TASK DETAILS: Where the records below have a line with "above", that line is to be copied.

- Opening Delimiter -

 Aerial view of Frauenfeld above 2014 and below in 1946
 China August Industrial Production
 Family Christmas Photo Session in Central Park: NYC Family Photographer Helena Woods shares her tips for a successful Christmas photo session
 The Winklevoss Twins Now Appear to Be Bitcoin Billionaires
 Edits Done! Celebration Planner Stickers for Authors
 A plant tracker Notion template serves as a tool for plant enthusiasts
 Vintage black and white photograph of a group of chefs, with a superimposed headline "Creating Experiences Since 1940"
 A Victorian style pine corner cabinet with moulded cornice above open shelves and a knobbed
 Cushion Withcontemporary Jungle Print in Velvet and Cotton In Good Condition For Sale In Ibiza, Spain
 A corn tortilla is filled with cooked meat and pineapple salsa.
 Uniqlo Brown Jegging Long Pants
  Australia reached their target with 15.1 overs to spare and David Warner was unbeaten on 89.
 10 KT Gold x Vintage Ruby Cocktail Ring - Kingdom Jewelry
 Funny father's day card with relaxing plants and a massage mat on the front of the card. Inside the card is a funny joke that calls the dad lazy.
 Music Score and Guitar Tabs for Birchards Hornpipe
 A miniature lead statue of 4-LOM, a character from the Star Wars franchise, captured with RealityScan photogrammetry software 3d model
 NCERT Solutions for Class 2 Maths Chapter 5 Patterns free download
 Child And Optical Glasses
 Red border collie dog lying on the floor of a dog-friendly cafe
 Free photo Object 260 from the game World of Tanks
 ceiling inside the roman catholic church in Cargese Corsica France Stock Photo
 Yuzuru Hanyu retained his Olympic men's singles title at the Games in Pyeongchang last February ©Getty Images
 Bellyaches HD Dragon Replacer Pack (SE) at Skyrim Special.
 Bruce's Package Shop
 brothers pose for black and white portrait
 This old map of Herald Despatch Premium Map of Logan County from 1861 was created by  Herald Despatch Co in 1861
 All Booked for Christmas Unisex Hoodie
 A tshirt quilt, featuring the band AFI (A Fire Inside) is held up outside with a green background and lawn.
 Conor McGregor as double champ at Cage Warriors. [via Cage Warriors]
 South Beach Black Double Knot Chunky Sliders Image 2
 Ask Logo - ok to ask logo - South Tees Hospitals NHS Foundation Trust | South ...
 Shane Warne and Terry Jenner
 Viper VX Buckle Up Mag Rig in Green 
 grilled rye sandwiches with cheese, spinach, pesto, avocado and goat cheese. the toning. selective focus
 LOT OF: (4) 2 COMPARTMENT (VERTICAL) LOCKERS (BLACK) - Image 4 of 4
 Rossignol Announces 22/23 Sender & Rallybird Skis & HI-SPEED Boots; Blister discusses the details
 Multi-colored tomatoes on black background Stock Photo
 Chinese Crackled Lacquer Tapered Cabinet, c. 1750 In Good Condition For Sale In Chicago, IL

- Closing Delimiter -

WRITTEN ANSWER:
 Aerial view of Frauenfeld above 2014 and below in 1946
 A Victorian style pine corner cabinet with moulded cornice above open shelves and a knobbed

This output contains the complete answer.